As Mike Milinkovich recently mentioned, voting is now open for the Eclipse Foundation’s Board of Directors election until 3:00pm Eastern on March 16, 2012. I highly recommend you take a list of the candidates, read their position statements and cast your vote.
I’m running this year for one of the committer representative spots and plan to continue to do my best to represent committers if given the opportunity again. I’ve had the honor to be on the board for the last few years and have helped push through changes that I thought were important for the committer community. For example, I would like to see our migration to Git through, we are getting close and I would like to see this happen by the end of 2012…
In terms of the future, there are three main things that are important to me:
There are many businesses that adopt Eclipse tools and runtimes, it’s important that we find a way to support these existing adopters while moving the eclipse.org mission forward. There are companies with mature products built on Eclipse with long support cycles that need to be accommodated. For example, Airbus has a crazy ~30 year support cycle on the planes that they build using Eclipse software. One way to do this is supporting the Long Term Support industry working group and ensuring we have the infrastructure (e.g., common build) in place to support these scenarios.

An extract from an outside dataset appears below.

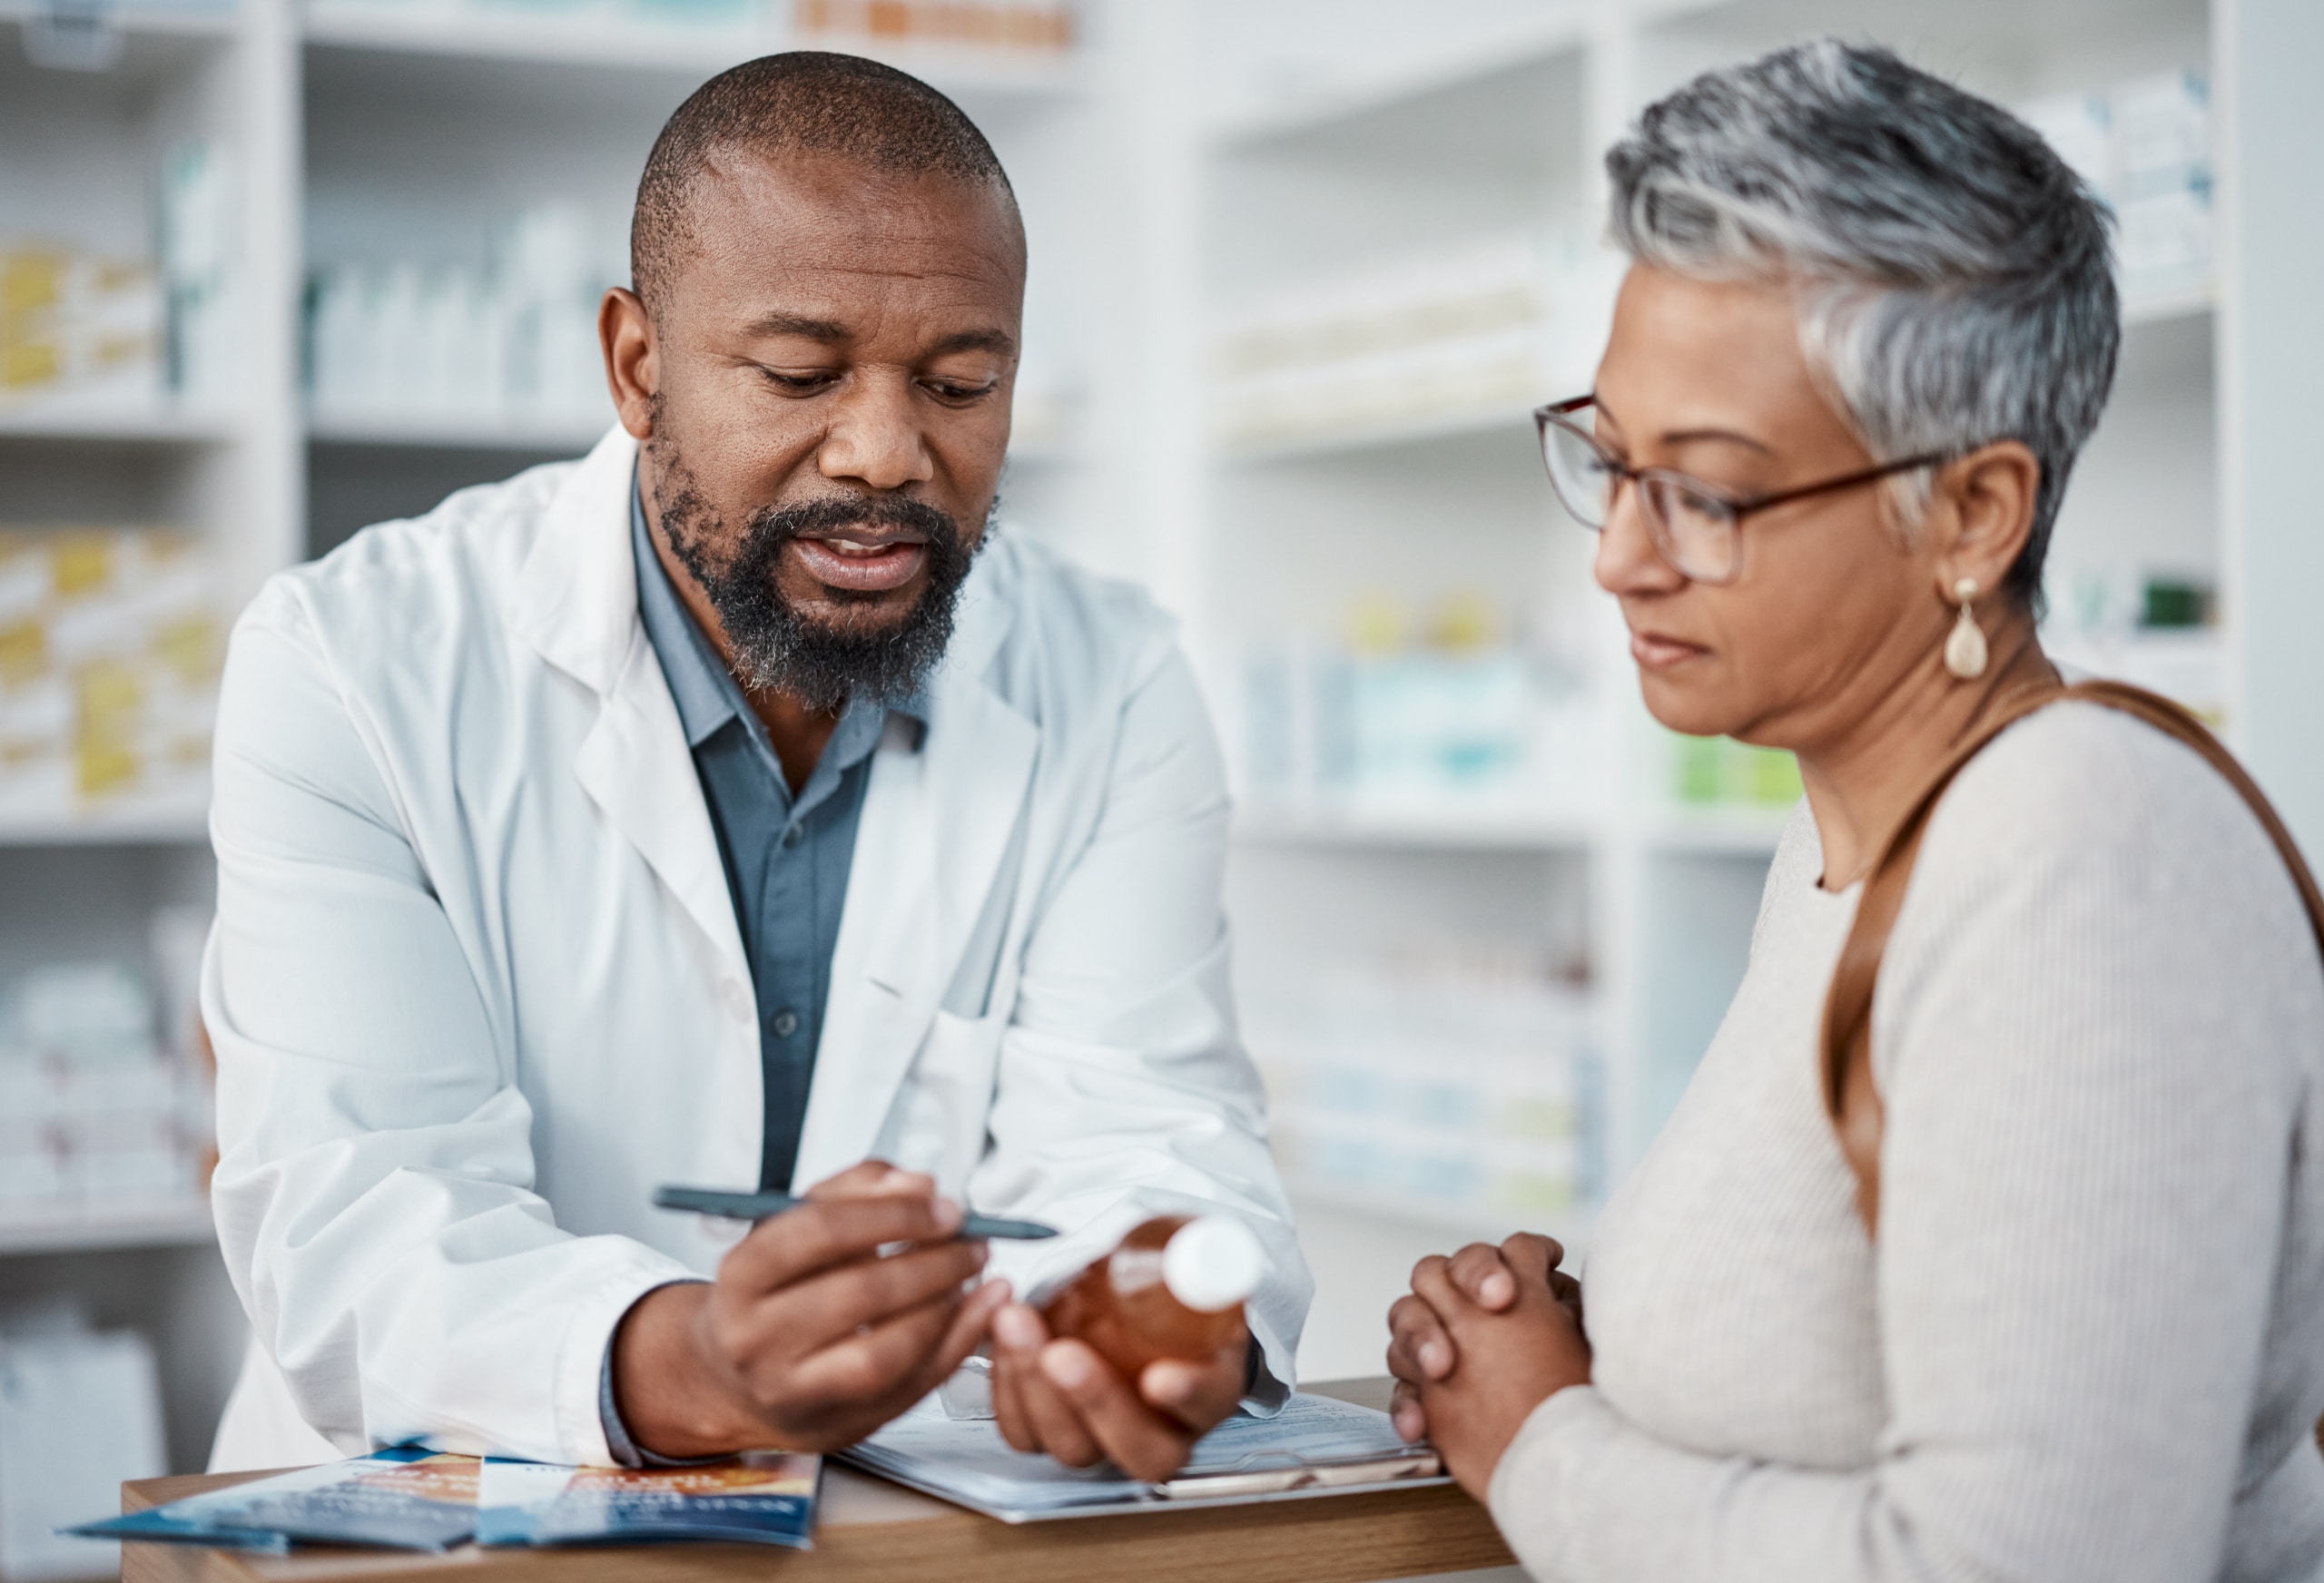 At the pharmacy counter, a black male pharmacist explains medication to a black senior woman.

It’s great that the eclipse.org community prides itself on clean Intellectual Property, I’m proud of what we do and it’s crucial for certain types of commercial adopters. However, the downside to the Eclipse IP process is that it can be a barrier to contribution due to the process and record keeping. Given that the software world has changed in recent years with the advent of Git (distributed version control), GitHub and notion of social coding, we should take a serious look at improving our IP process to work in this new world. Can we find a ways to simplify the contribution process using Git or Gerrit? Can we find a way to host an eclipse.org project outside the eclipse.org infrastructure, say on GitHub? I know, heresy, right :)?
Finally, I would like to continue pushing on eclipse.org’s foray into web tooling via projects like Orion. It’s great to see Mozilla Firefox already adopting Orion in its developer tools, but we can do more in this space.
In the end, I encourage everyone to vote and make your voice heard.